From The Booking Desk:
I am pleased to welcome Sara Blaedel to BOLO Books! One of the most popular novelists in Denmark, Sara’s latest book, The Forgotten Girls, in being released in the US today.
BOLO Books: Tell us a bit about Louise Rick and where she is in her life at the beginning of The Forgotten Girls.
Sara Blaedel: As The Forgotten Girls opens, Louise has just been appointed as technical manager of the Special Search Agency under the Search Department with the National Police. (Each year, 1600-1700 people are reported missing in Denmark. Many turn up on their own, some are found dead of natural causes and some remain missing. According to an assessment by the National Police, there is a crime behind approximately five of the unsolved missing person reports each year. These are the cases that Louise Rick’s department has been charged with unearthing and investigating.)
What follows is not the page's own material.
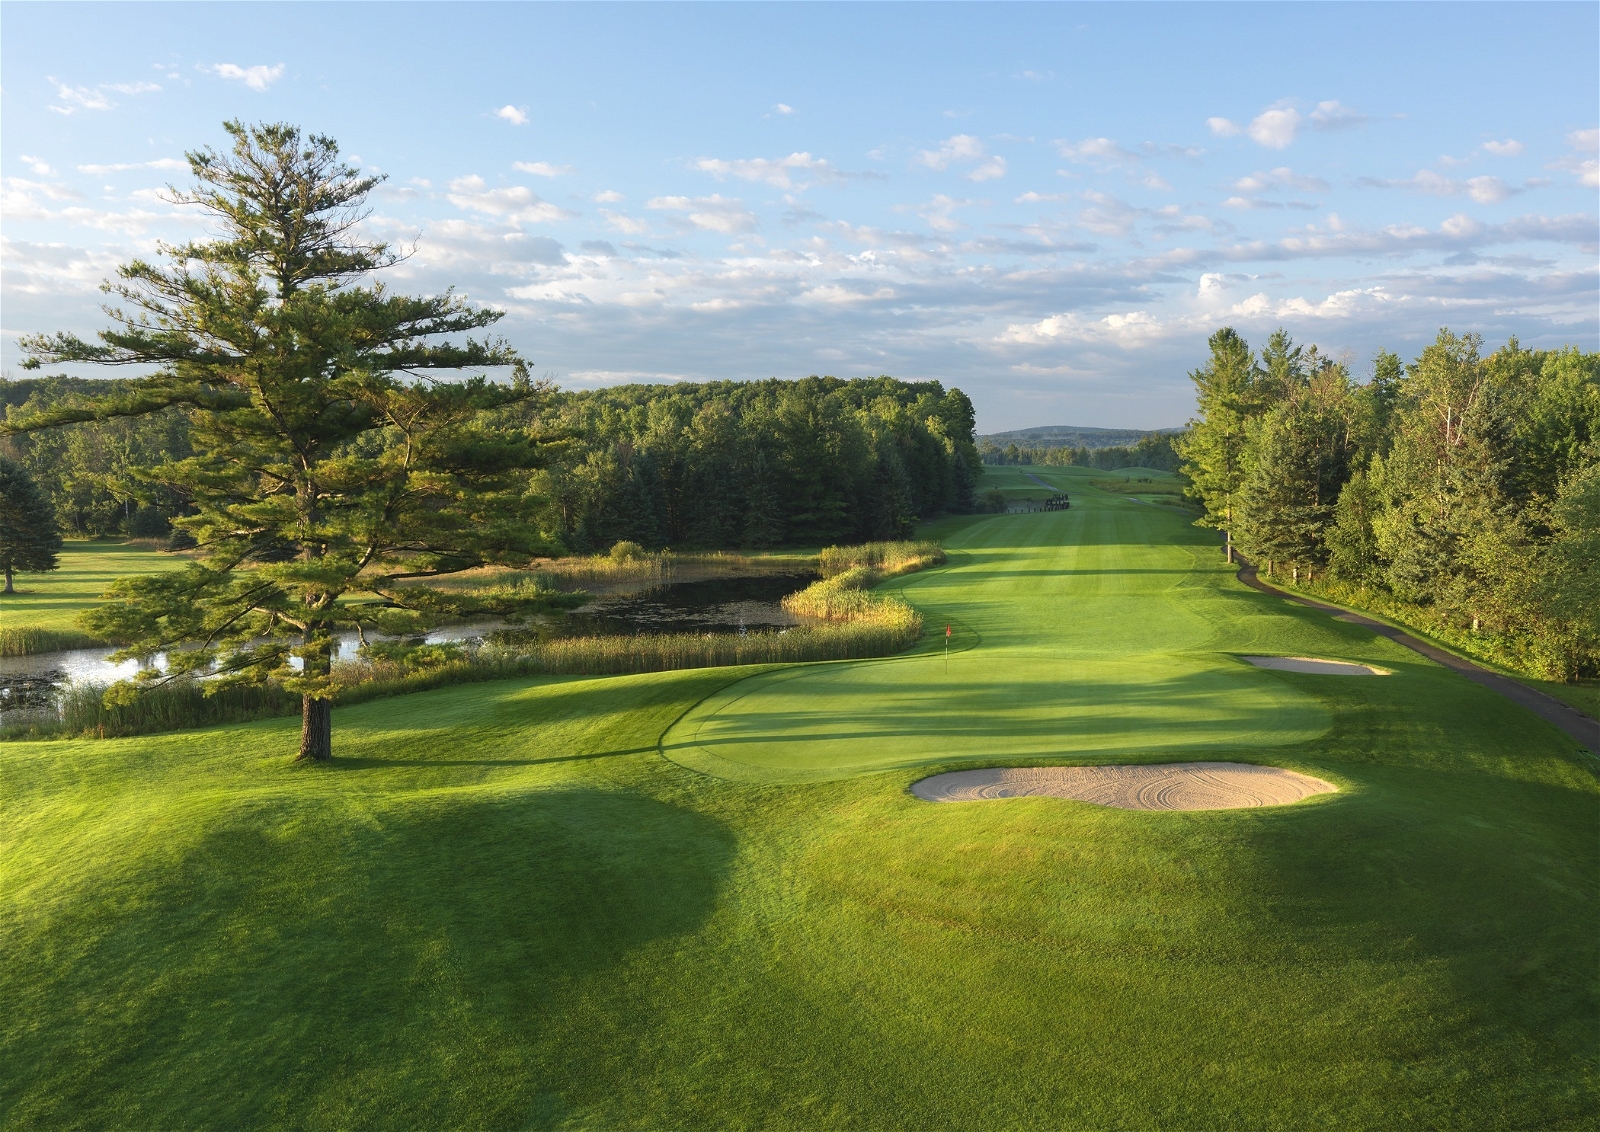 Golf Vacation Package - Boyne Mountain Resort from $327 per day!

Louise also gets a new colleague Eik Nordstrom, and we are already in the very beginning getting to feel that it will be relationship with a lot of tension.
BOLO Books: Like the Magdalene Laundries, the conditions within these institutions for Forgotten Children must have come as quite a shock to the Danish people. What made you decide to include that history in your story and what was the most shocking thing you discovered in your research?
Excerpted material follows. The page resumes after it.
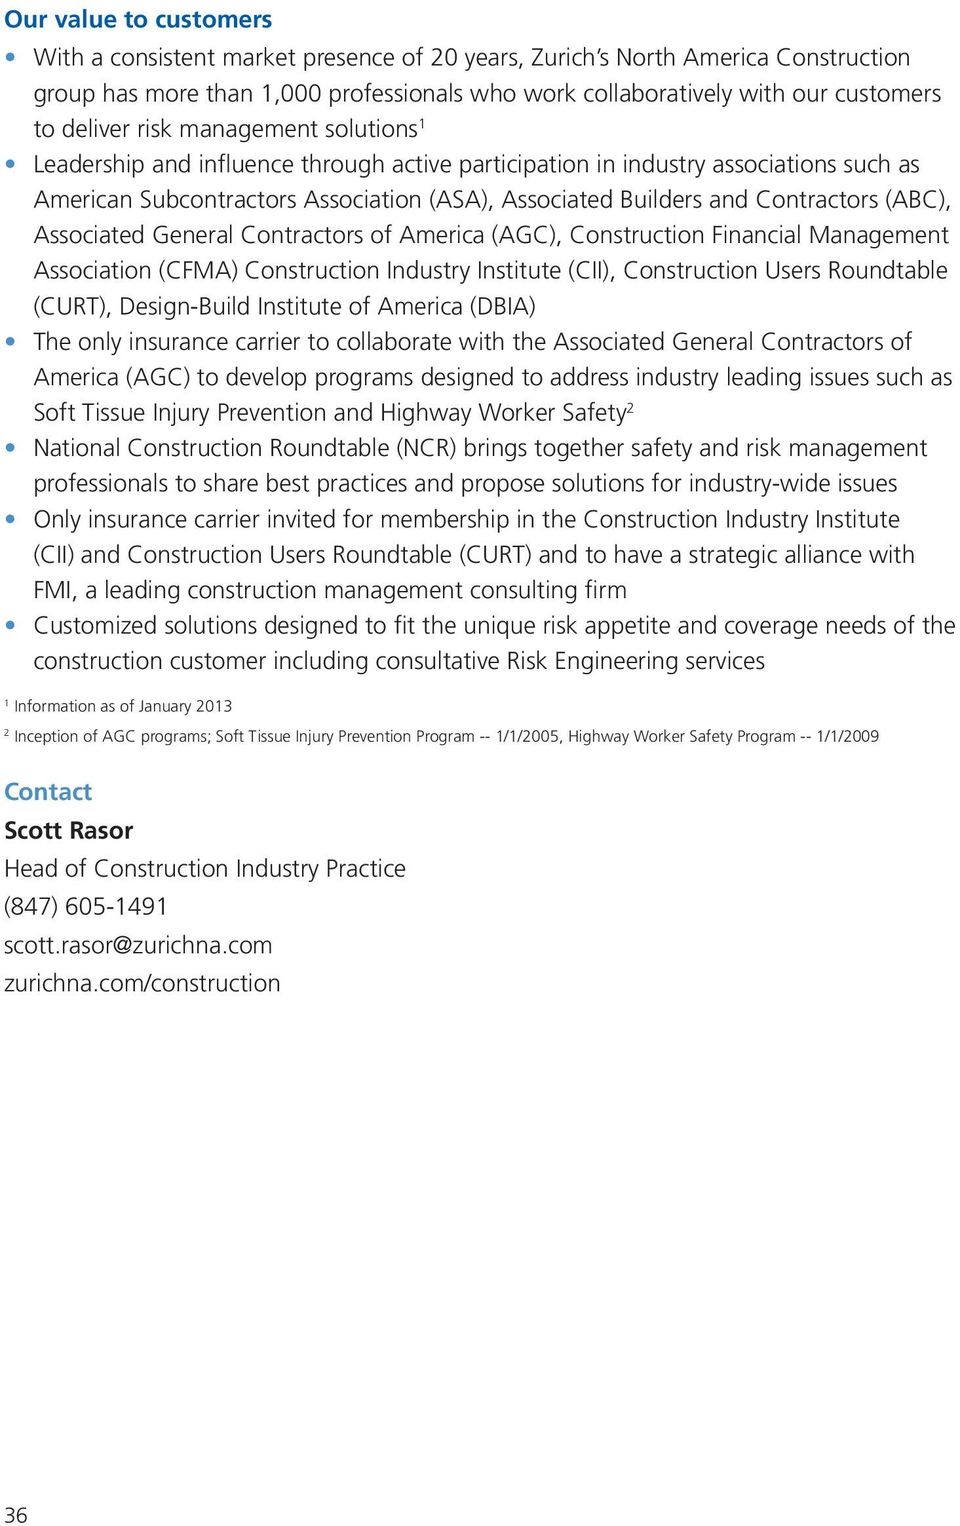 Contractors (ABC), Associated General Contractors of America (AGC), Construction Financial Management Association (CFMA) Construction Industry Institute (CII), Construction Users Roundtable (CURT),

Sara Blaedel: Over the years I have looked at topics like prostitution, Internet dating, drug abuse, peer pressure, assisted suicide and much more. In The Forgotten Girls that will be published in the US on the 3rd of February by Grand Central Publishing the story takes place in the historical setting of an all-girls home where unwanted girls were abandoned.
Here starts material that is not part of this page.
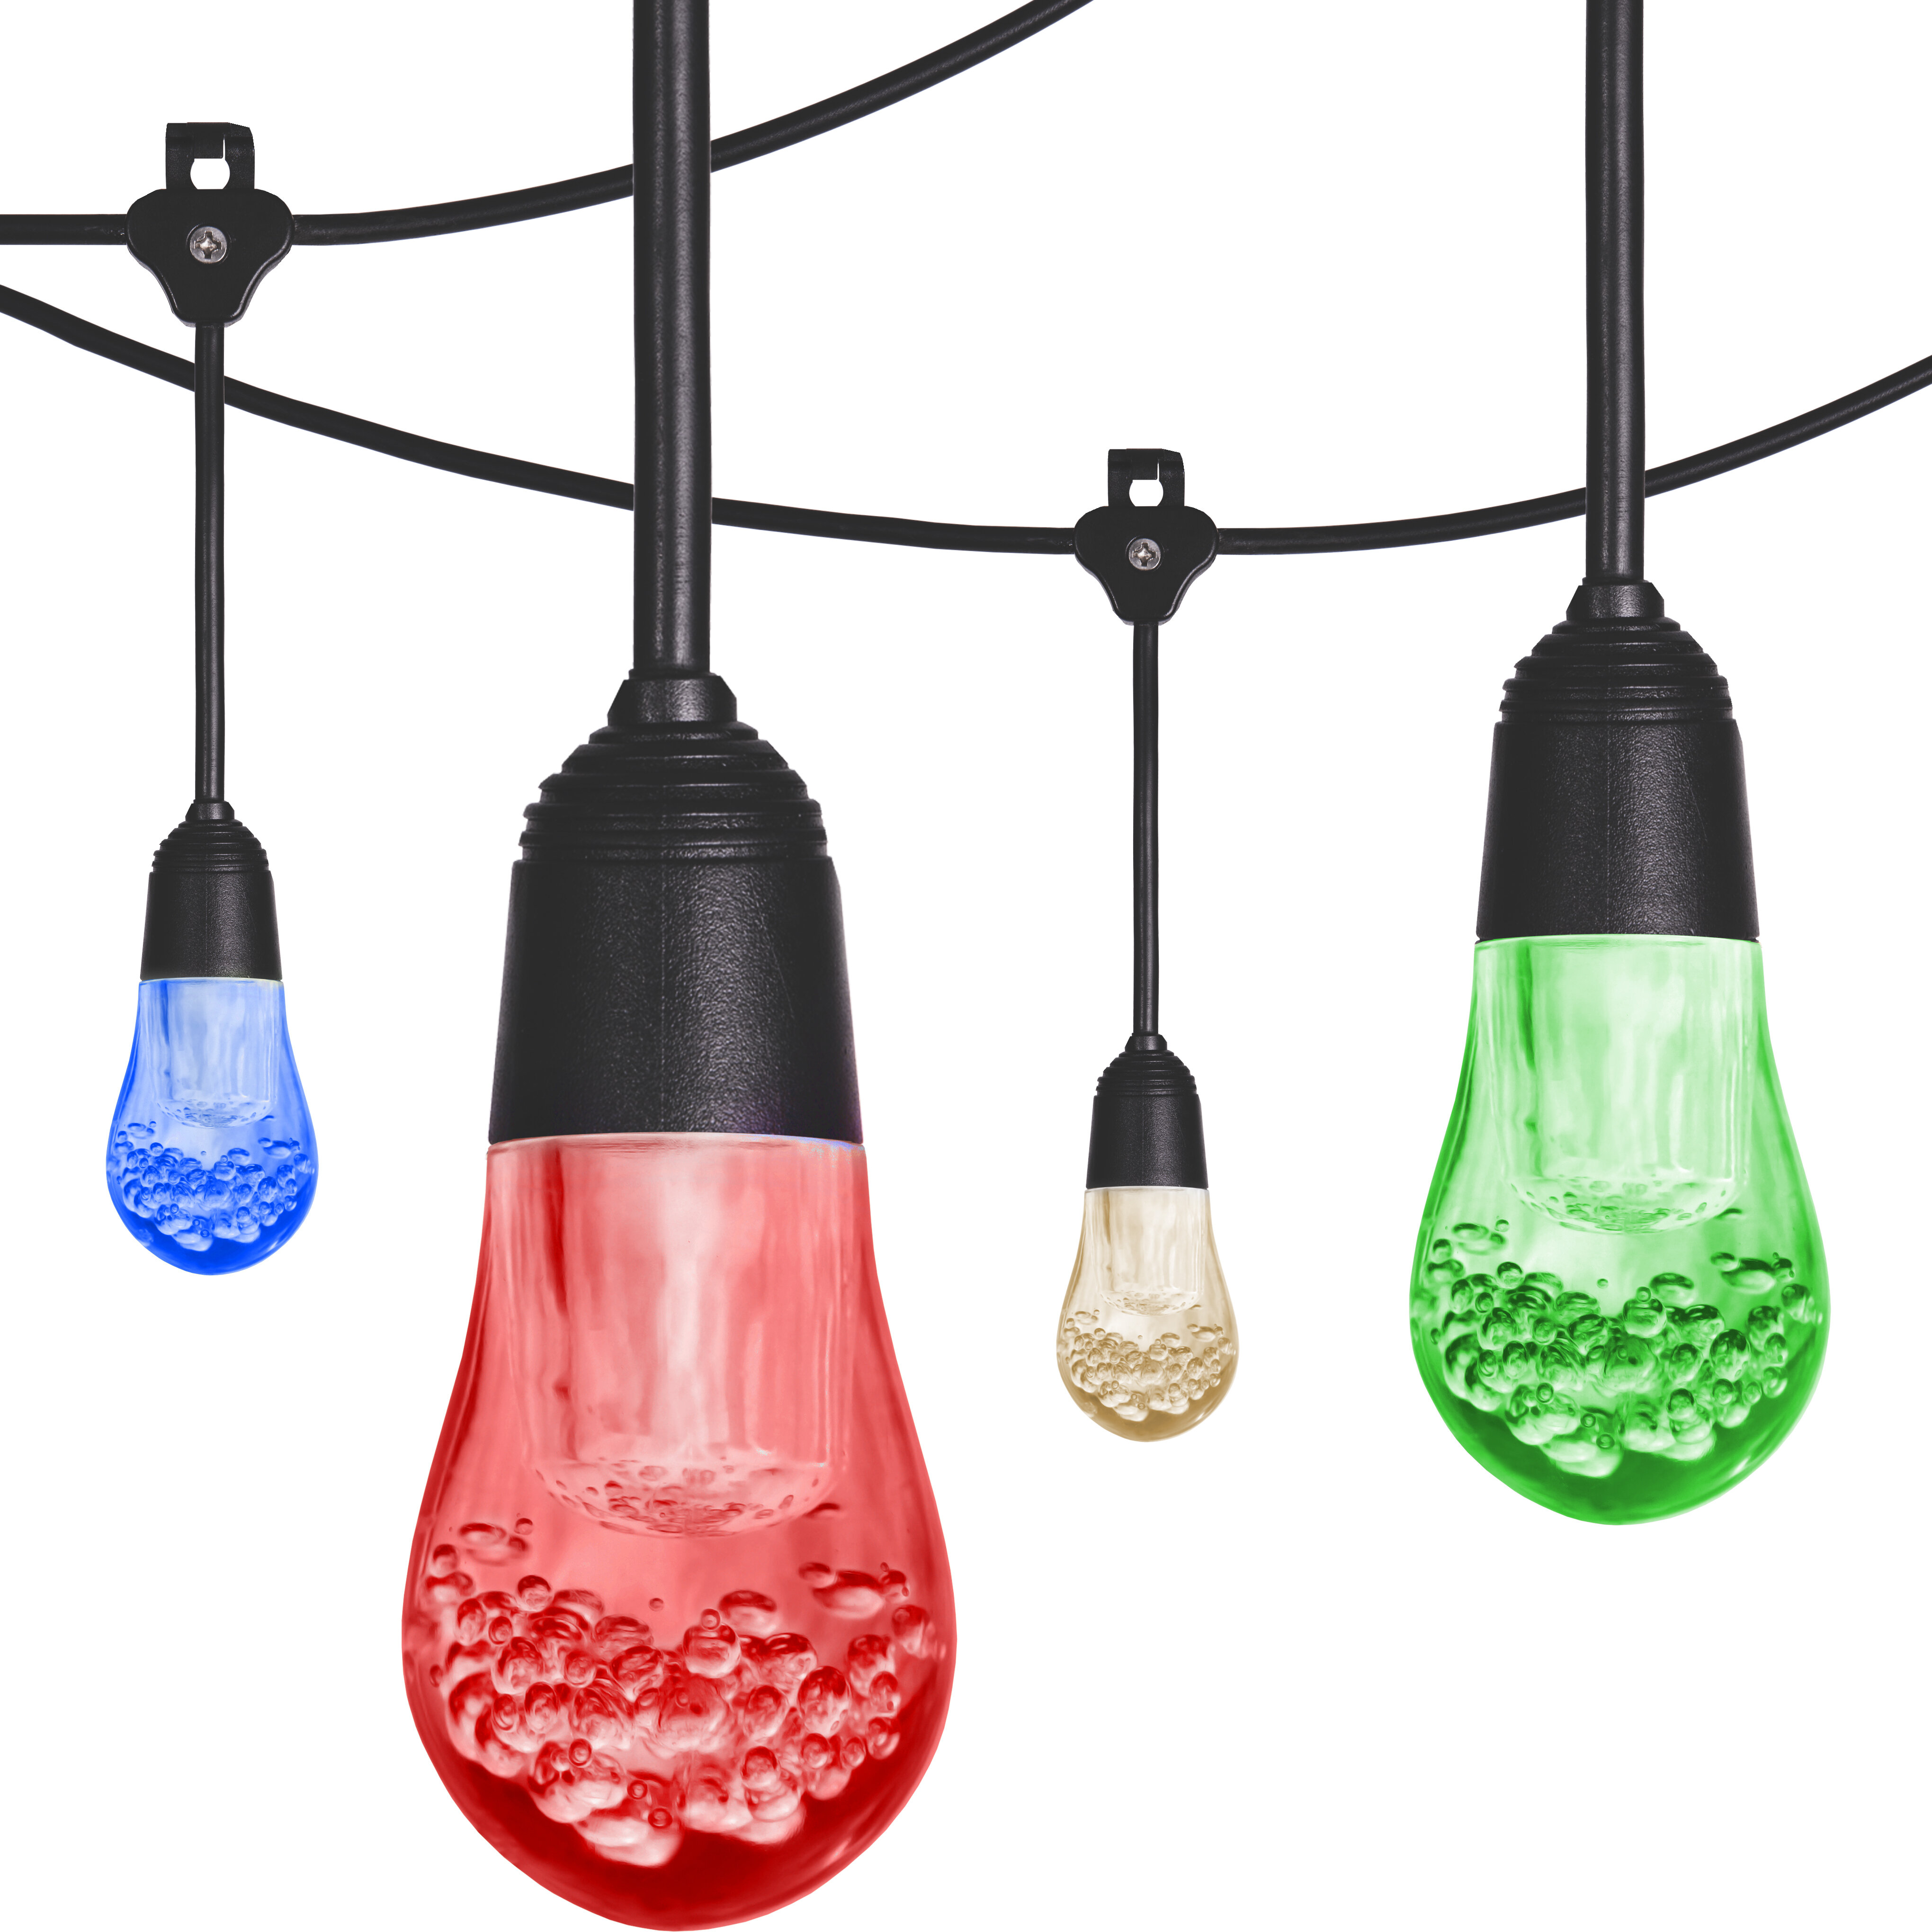 Enbrighten Weather Resistant Dimmable LED Lantern with USB Charging, Red

50 years ago, it was custom for local authorities to look after children that for one reason or another could not get the care they were entitled to from their own families. When the girls registered at the orphanage, parents were asked to forget that they ever existed. Two of these girls, a pair of twins, appear many years later, many years after everybody thought they were dead. I read about these forgotten children in a Danish newspaper, and the story just would not leave me. It made me really curious.
BOLO Books: For those readers who have not heard you speak before, tell us a bit about the state of crime in Denmark. What crimes are most common?
Sara Blaedel: The most common crime I Denmark are burglary and theft – not very “exotic”, but very characteristic for most countries in the World, I guess. For those of us who write crime fiction, burglary and theft are not the most interesting. If you made statistics on the crime in crime fiction, the picture would be completely different and much more terrifying.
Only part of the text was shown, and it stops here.